**Source data:**
▬▬▬▬▬▬

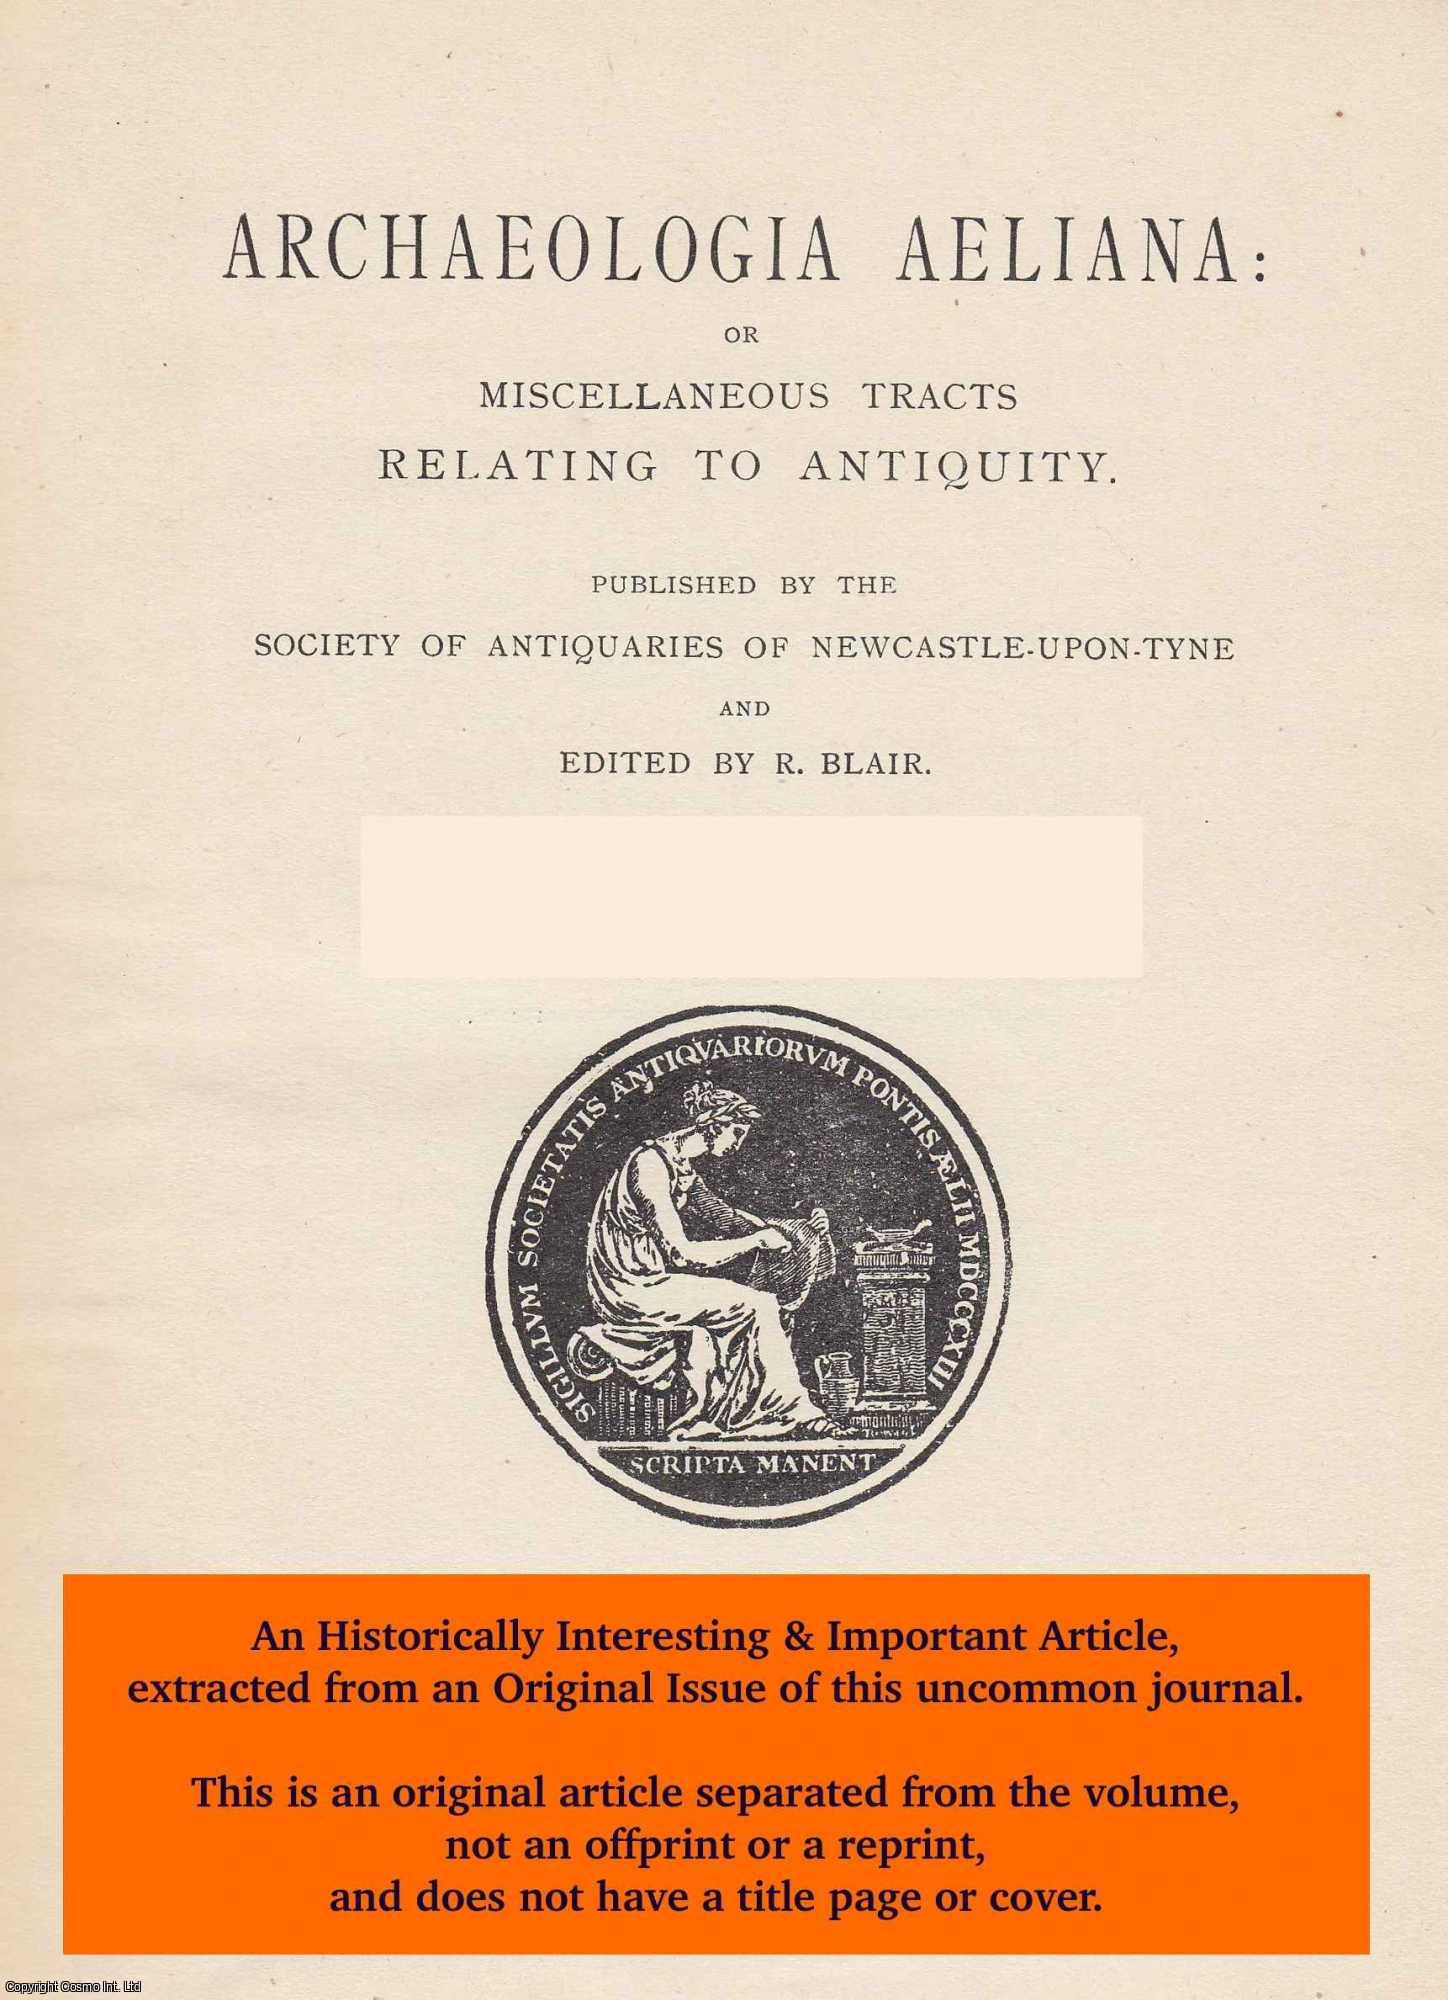 No Author Stated - Catalogue of The Inscribed and Sculptured Stones of The Roman Era in Possession of The Society of Antiquaries of Newcastle-Upon-Tyne. An original article from The Archaeologia Aeliana: or Miscellaneous Tracts Relating to Antiquity, 1920.
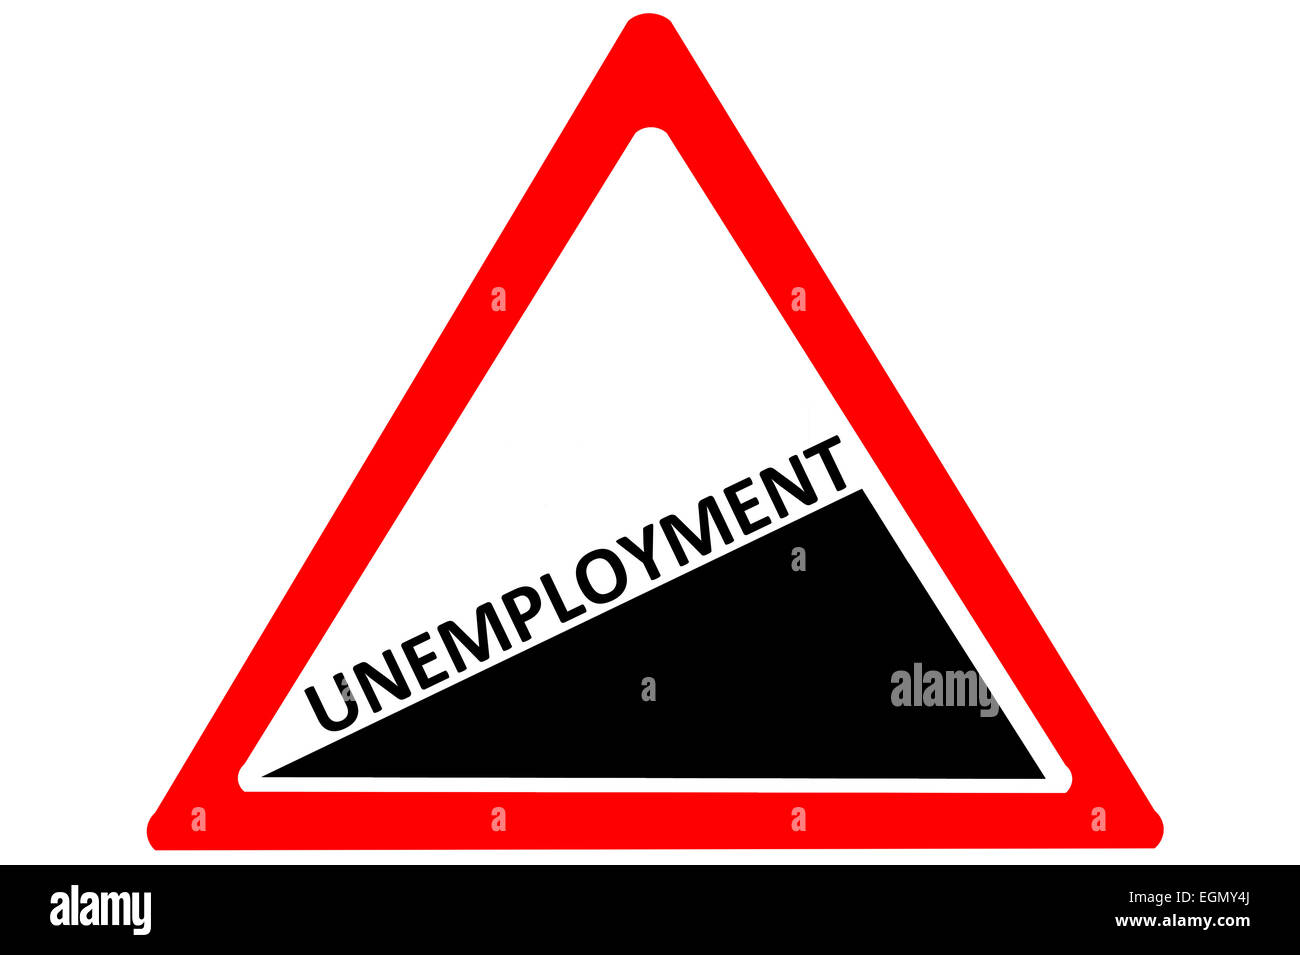 Unemployment increasing warning road sign isolated on white background Stock Photo
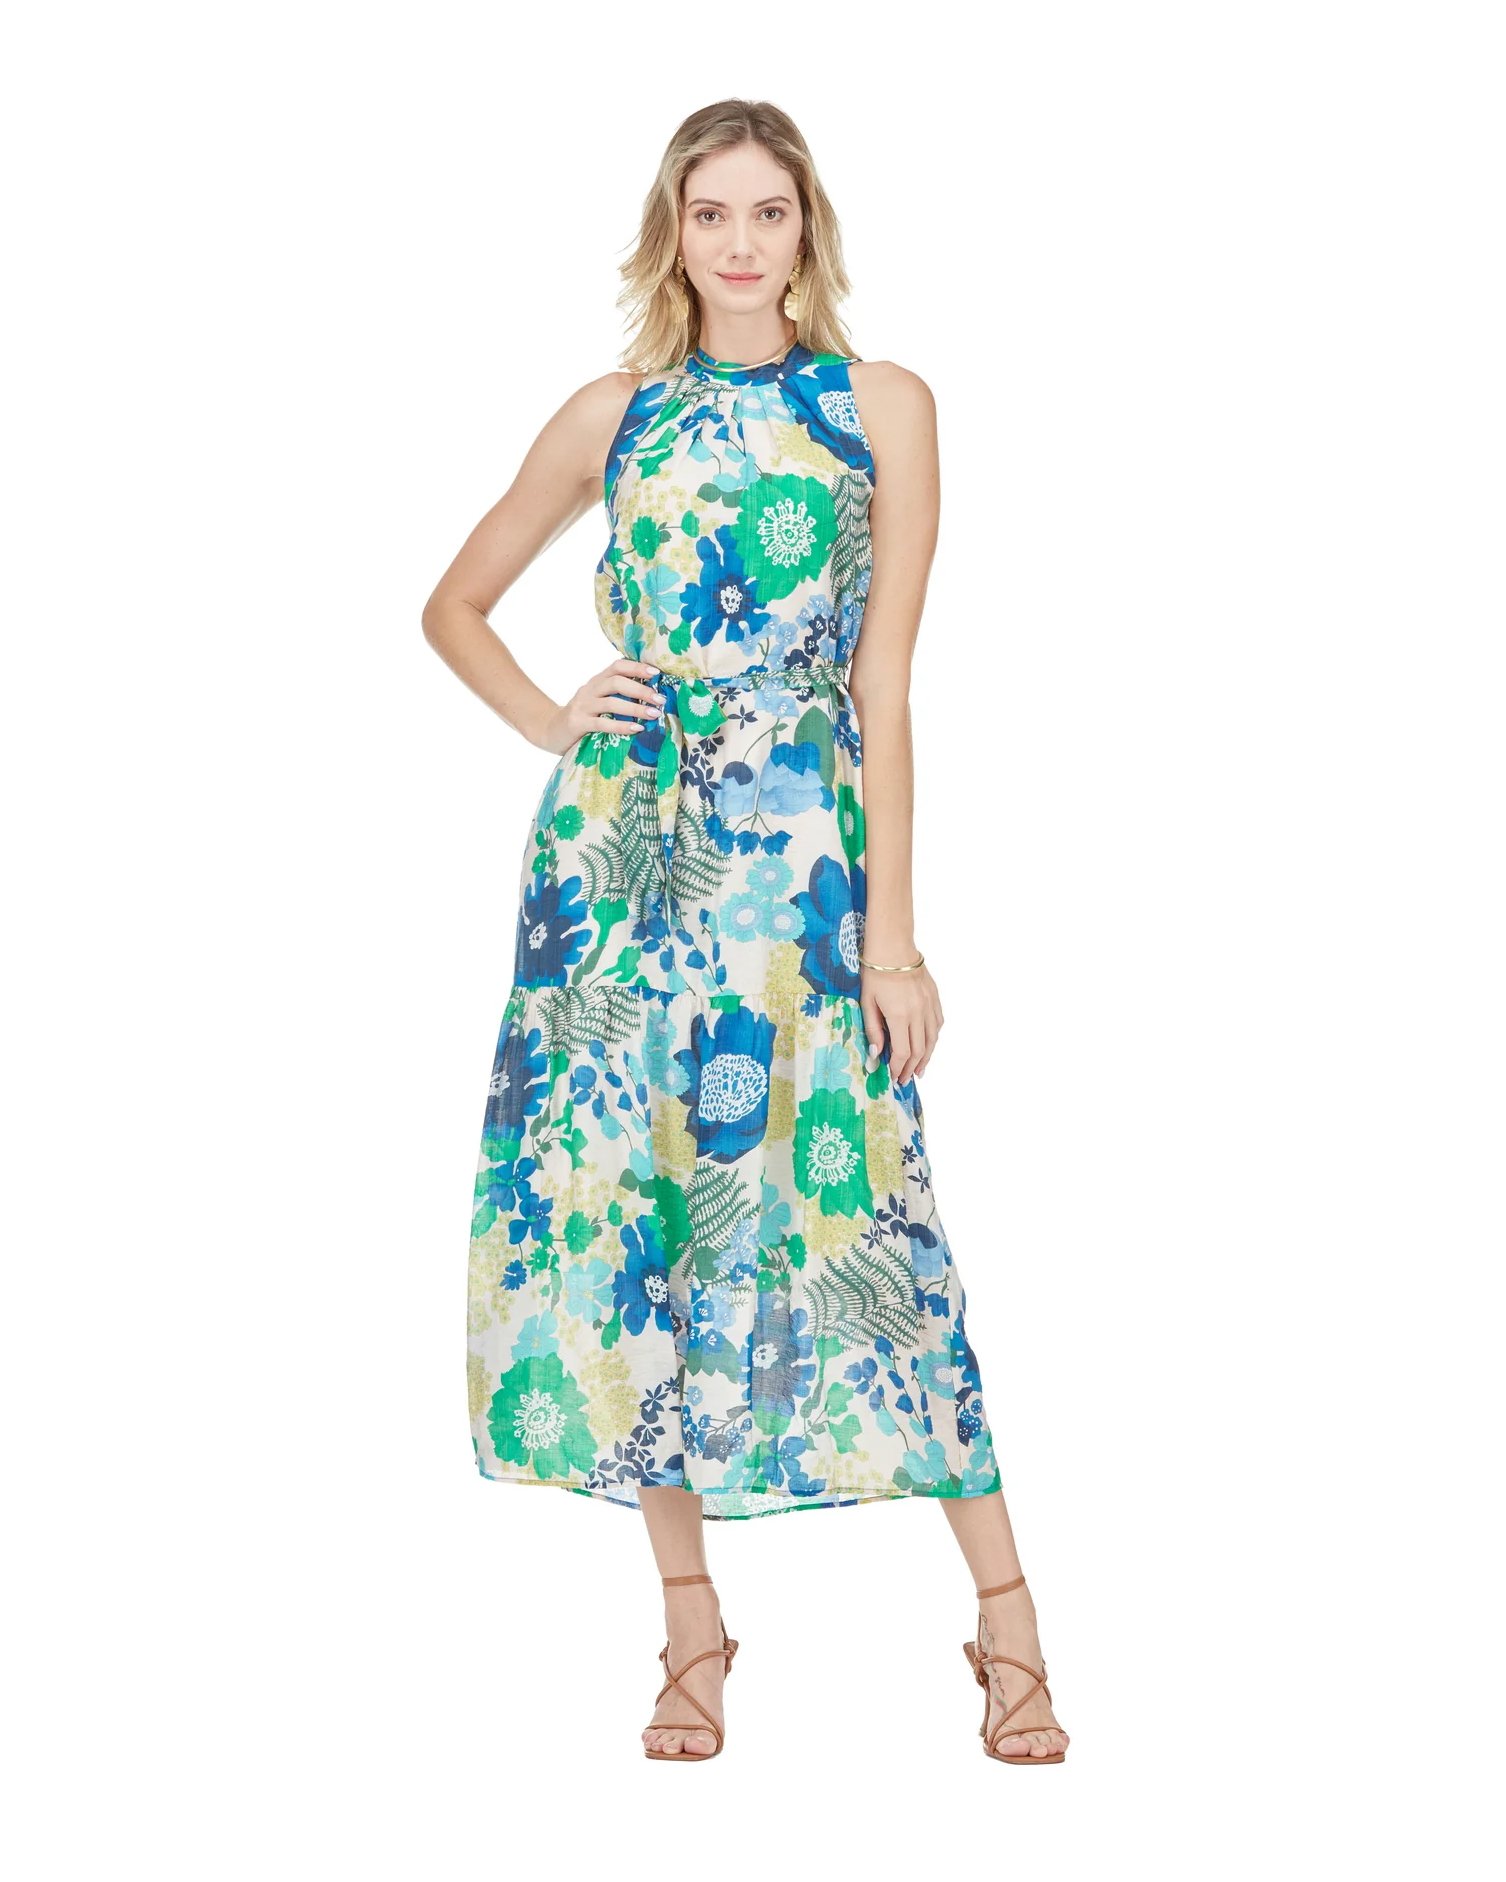 Shop our collection of dresses for spring featuring mood boosting florals and feminine silhouettes. #terianns #livelovemov #thinkfashion #springdresses #visitmariettaohio #mymarietta

▬▬▬▬▬▬

Please reproduce verbatim the lines from the line with "Unemployment increasing warning" through the final line of the listing, inclusive of both ends. Omit all pictures.

 Unemployment increasing warning road sign isolated on white background Stock Photo
 Shop our collection of dresses for spring featuring mood boosting florals and feminine silhouettes. #terianns #livelovemov #thinkfashion #springdresses #visitmariettaohio #mymarietta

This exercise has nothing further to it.